Hiroshi Bogéa On line

Contra a censura refinada

O Ministério Público e o Judiciário decidiram mesmo barbarizar. Ou, pelo menos, impor a máxima de que “contra força, não há resistência”. Mais precisamente, obrigar seguir à risca a lógica das democracias expressa numa frase tão repetida de que “decisões judiciais são para ser cumpridas, e não discutidas”.

Isso, na sua expressão cristalina, em países onde a democracia existe por causa do respeito à liberdade de imprensa.

A partir do momento em que alguns membros do MP e Judiciário decidem provar que tem poder suficiente para pressionar os profissionais de comunicação a seguirem cartilhas cunhadas prazerosamente sob autoritarismos pessoais, às favas as “recomendações” dos doutos promotores e juízes.

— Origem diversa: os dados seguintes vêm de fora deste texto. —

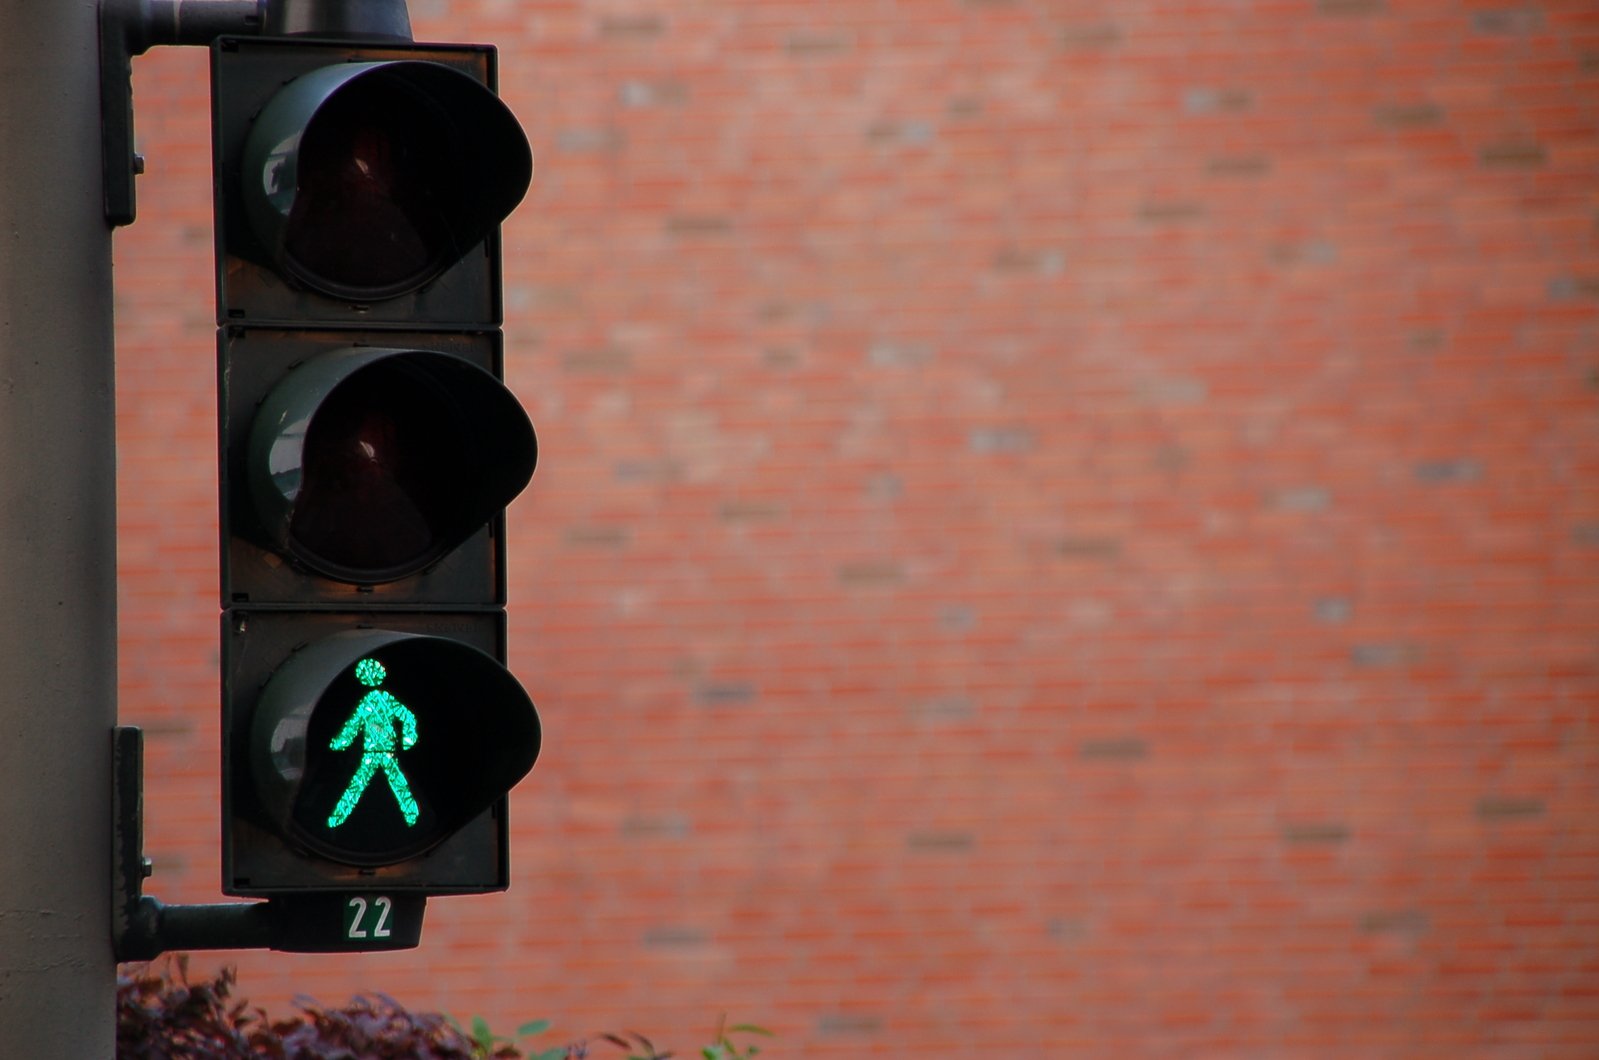 traffic light displaying green pedestrian signal and brick wall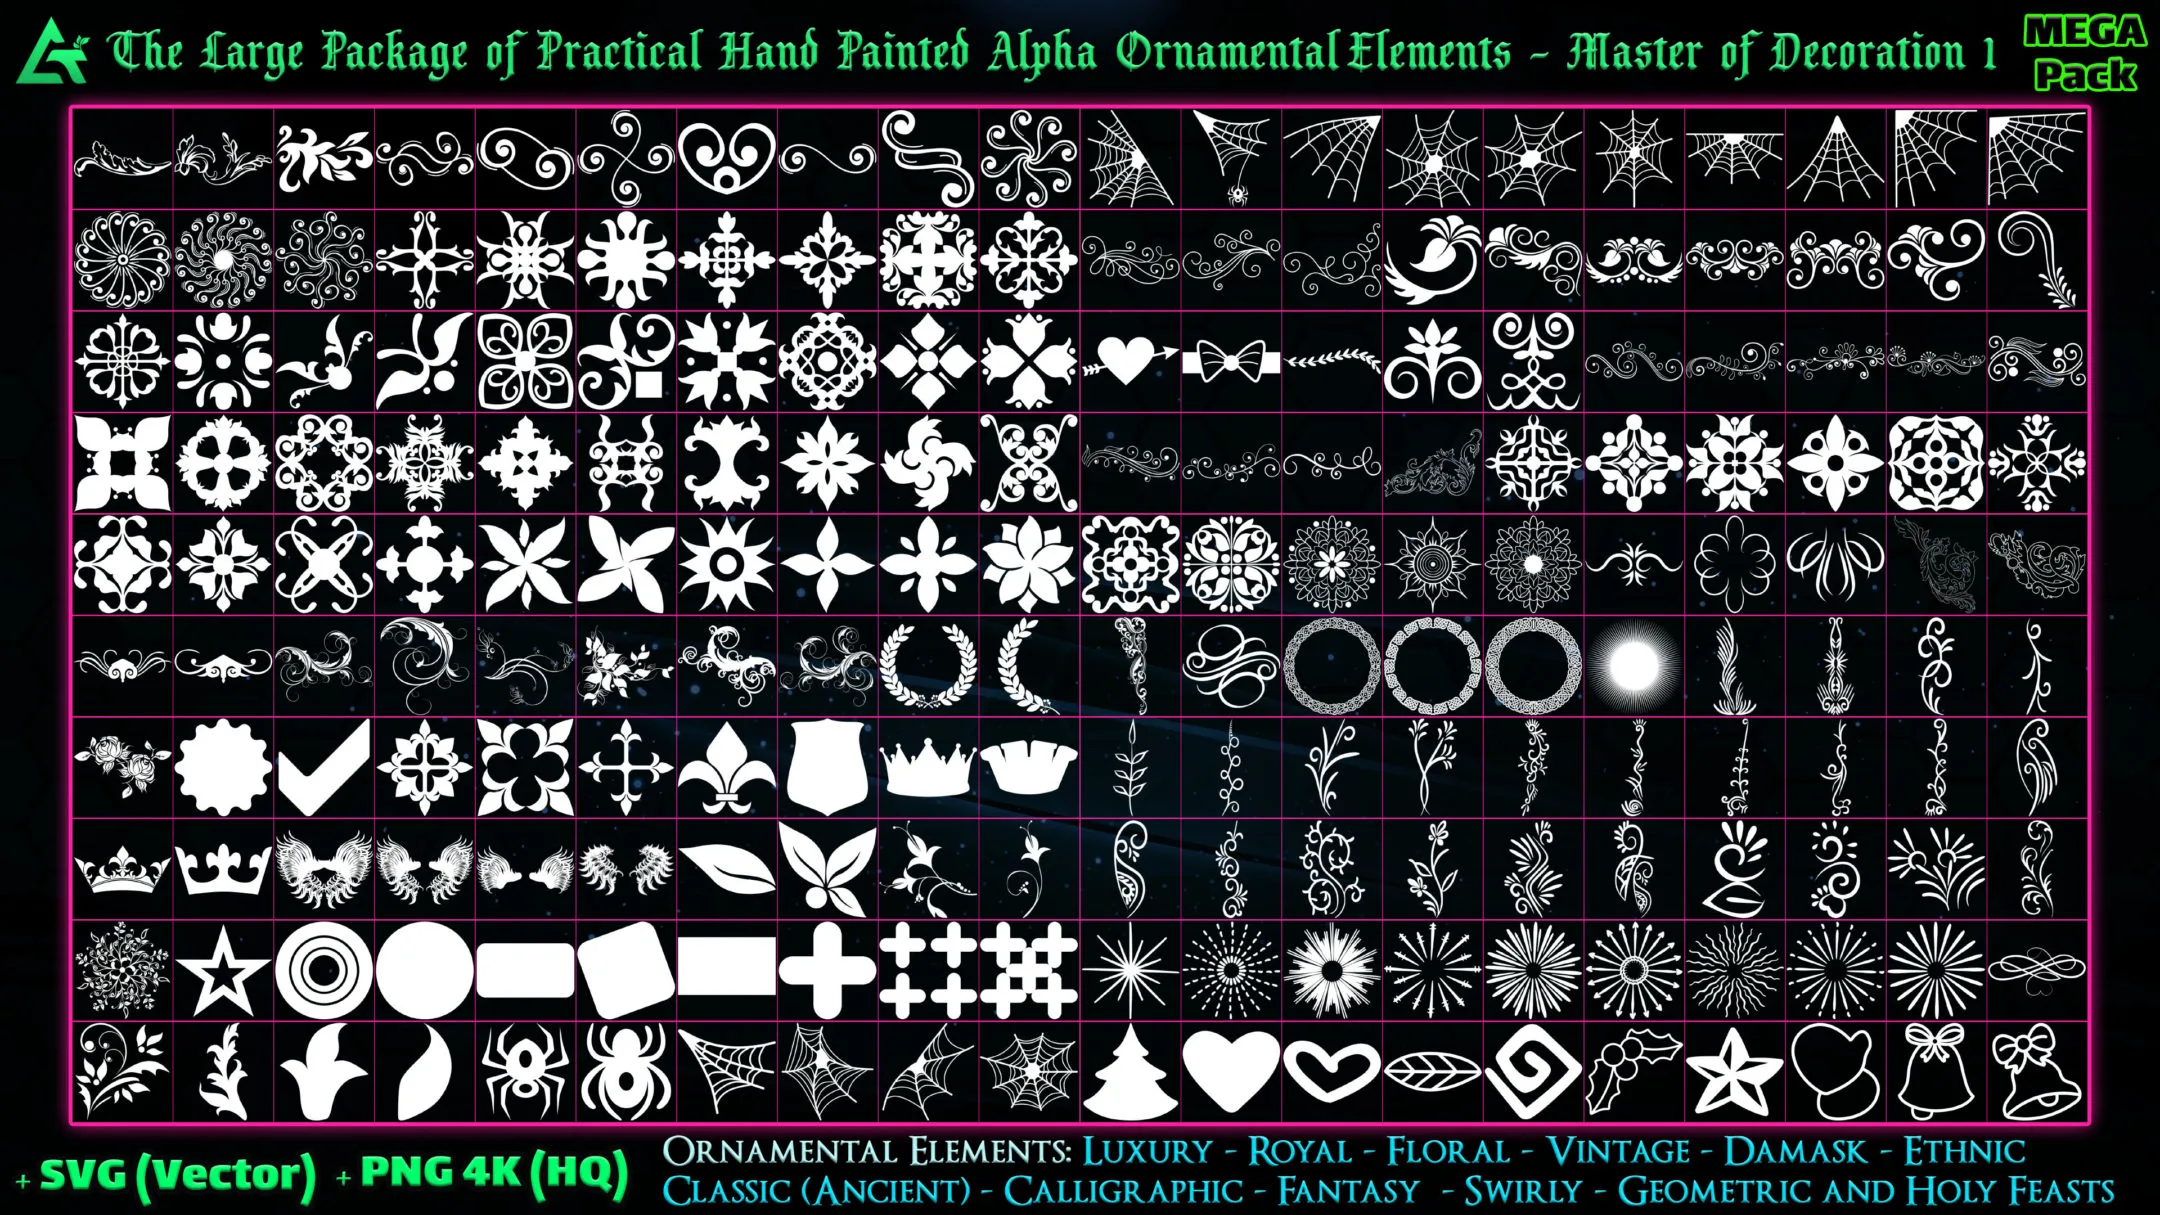 4350 Hand Painted Alpha Ornamental Elements - Master of Decoration 1 (MEGA Pack) - Vol 6

A recente decisão de alguns integrantes do MP proibir a imprensa de Marabá publicar matérias originárias da prefeitura municipal contendo citações religiosas, é uma barbaridade.

Os ventos sadios das democracias impõem, naturalmente, a todo veículo, a missão de publicar o que é de interesse público. O jornalista, bem intencionado, claro, não pode, jamais, sonegar informações aos seus leitores. Por isso mesmo, diante da inacreditável decisão dos apressados senhores membros do MP marabaense, o blog vem de público oficializar sua decisão de desobedecer qualquer recomendação no sentido de cessar a circulação livre da notícia.

Não importa se o prefeito Maurino Magalhães está ou não usando, em placas de propaganda oficial, imagens, símbolos ou frases religiosas, numa perfeita e condenável afronta ao nosso Estado laico. Isso aí é outro lance a ser discutido.

Não cabe a qualquer promotor a atribuição de se considerar censor da vez.

Isso é vergonhoso, depõe contra tudo o que a classe aprendeu no curso de Direito, guardião das liberdades do mundo civilizado.

O poster não apenas desobedecerá, como encapará campanha nacional contra essa indecência, já transformada em moda em outras comarcas dos dois segmentos da Justiça brasileira.

Basta relembrar a censura imposta aos jornais Diário do Pará e O Liberal, em Belém; proibição do Judiciário paulista ao jornal O Estado de São Paulo publicar qualquer matéria ofensiva ao presidente do Senado, José Sarney. Sem falar, no maior dos absurdos, a decisão do juiz Raimundo das Chagas Filho de determinar o impedimento do jornalista Lúcio Flávio Pinto citar nas folhas do Jornal Pessoal nomes de membros da família Maiorana.

Quase ao mesmo tempo, antes de sua morte, Juvêncio de Arruda também foi proibido pelo judiciário de Belém de continuar denunciando, no Quinta Emenda, os atos criminosos do ex-deputado estadual Luiz Afonso Sefer, acusado de pedofilia ao estuprar uma garota de nove anos de idade, e viver com ela bom tempo sob o mesmo teto.

Há, por esse Brasil afora, outros casos, seguindo o mesmo objetivo de censura e proibição aos meios de comunicação. E para que essa censura refinada não prospere, multiplicando-se em todo o país, dizer não a ela é preciso. Urgentemente.

Nossa rebeldia à “recomendação” do MP pode resultar num processo, não temos nenhuma dúvida. Mas saberemos nos defender até ultima instância, mobilizando, ao mesmo tempo, colegas e a blogosfera, numa Via Crucis de defesa das liberdades, tão heroicamente conquistada após longos 20 anos de ditadura militar.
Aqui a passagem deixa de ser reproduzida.